3 min read

What if we could accurately predict and prepare for the impact of natural disasters on a country’s infrastructure? Just imagine how much less vulnerable society would be in the face of earthquakes, hurricanes and other catastrophic events.

Artificial intelligence (AI) is making this vision a reality.

Traditionally infrastructure was built to withstand natural disasters, but predicting their precise impact has been difficult, if not impossible. Variables like local topography, weather conditions and intensity, and infrastructure design make it challenging to foresee where vulnerabilities lie. NTT is building a trusted, secure AI solution for disaster prediction that solves these problems by leveraging vast datasets and advanced predictive modeling. Using machine learning, this is currently being developed and tested in Japan, with the goal of benefitting people, society and the planet into the future.

Bright night flash of lightning over the river

How AI technology predicts and protects against disasters

NTT’s AI system provides disaster mitigation and early recovery by integrating historical data from across Japan, detailing past infrastructure damage, which then allows it to learn disaster patterns and anticipate risks. By combining proprietary data with publicly available environmental and meteorological data in a fair and open manner, the AI constructs predictive models.

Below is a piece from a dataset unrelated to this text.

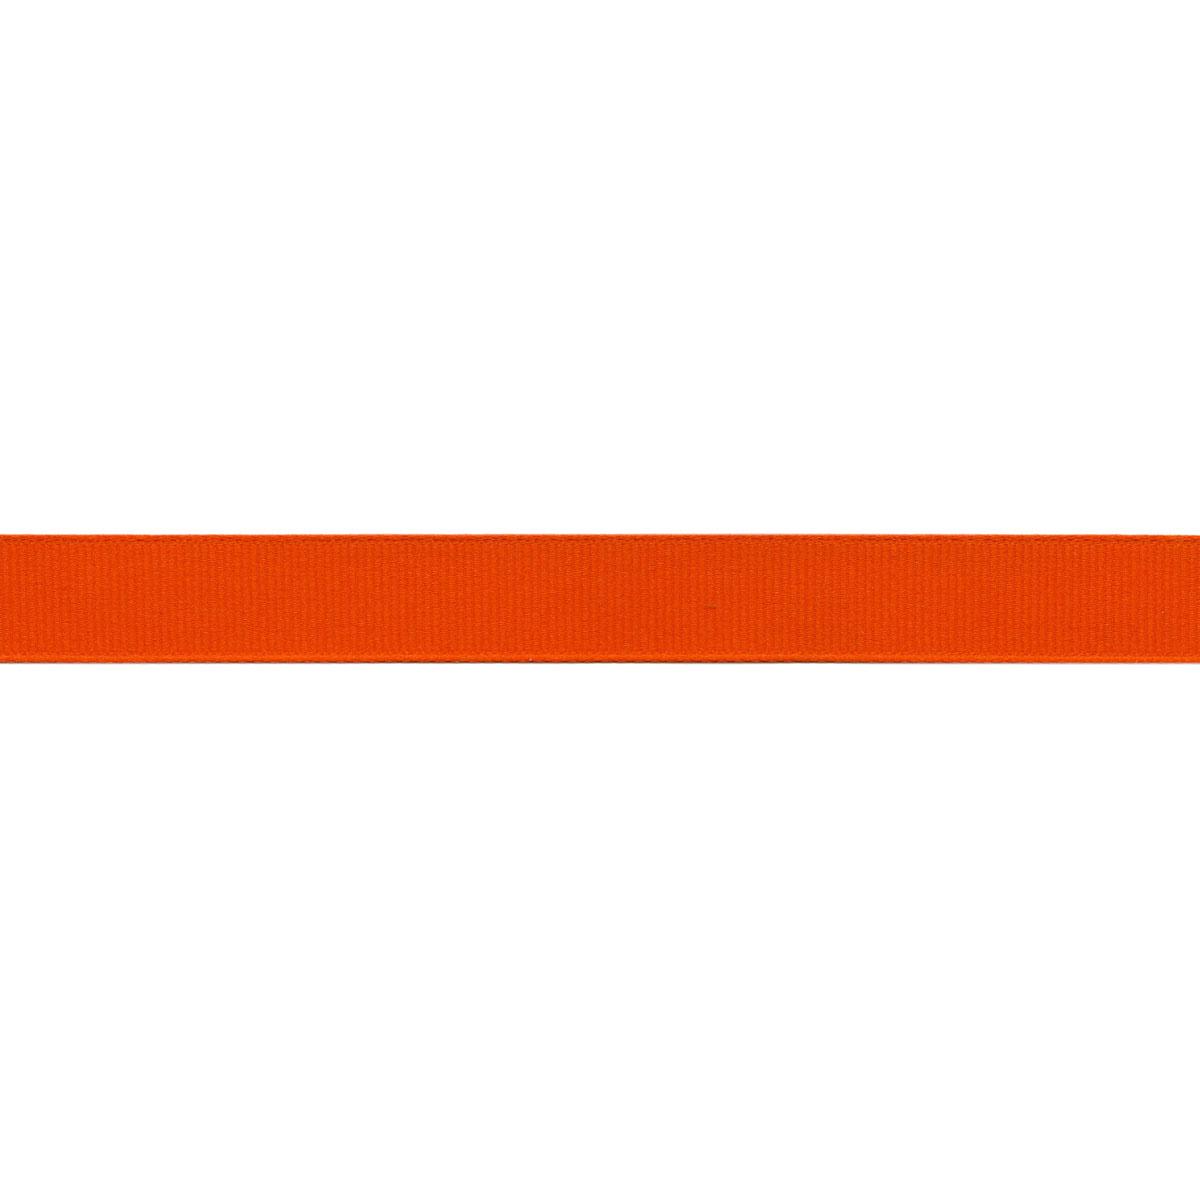 "Grosgrain Ribbon 5/8""X20yd-Torrid Orange - image 1 de 1"

There are three elements involved in this AI system, all of which include technologies that can accurately predict damage to individual facilities throughout Japan without any special field surveys. This includes:

  • Landslide disaster prediction for utility poles: Using data such as rainfall intensity, elevation, soil strength and proximity to rivers, AI predicts which utility poles are most vulnerable to landslide disasters, achieving 98 percent accuracy.
  • River flooding and bridge-attached pipelines: Analyzing river dynamics like water level fluctuations and width, AI identifies bridge-attached pipelines at risk, predicting damage with 90 percent accuracy.
  • Earthquake impact on underground pipelines: By considering factors like earthquake magnitude and pipeline type, AI forecasts damage to underground pipelines with an accuracy rate of 87 percent.

The advantages of AI-driven disaster preparation

Using this predictive data, at-risk facilities and infrastructure can be prepared in advance to ensure that damage is minimal and recovery can happen quickly in the event of heavy rain or earthquakes. For example, pipelines that are at high risk of damage from anticipated seismic motion can be reinforced, and materials necessary for restoration can be in place in advance of anticipated heavy rainfall.

In addition, the applications of this technology extend far beyond utility poles and pipelines. The predictive models for utility poles can be adapted to power and signal poles, for instance, while the river flooding model can inform the protection of entire bridges. Similarly, the earthquake prediction model for underground pipelines can be applied to safeguard water and gas distribution networks.

Building a safer, more resilient infrastructure through AI

Looking ahead, NTT’s goal is to expand this technology to ensure all infrastructure can be made more robust and resilient. By predicting disaster impacts in advance, the aim is not only to minimize damage but also to expedite recovery efforts, ensuring communities can bounce back swiftly from earthquakes, heavy rain and other disasters.

As climate change intensifies the frequency and severity of natural disasters, innovative technologies like NTT’s AI-driven predictive models are more crucial than ever. Using the power of data and AI, we are working to ensure infrastructure is not just resilient but predictive and proactive. This technology has the potential to redefine disaster preparedness, creating a safer future for all.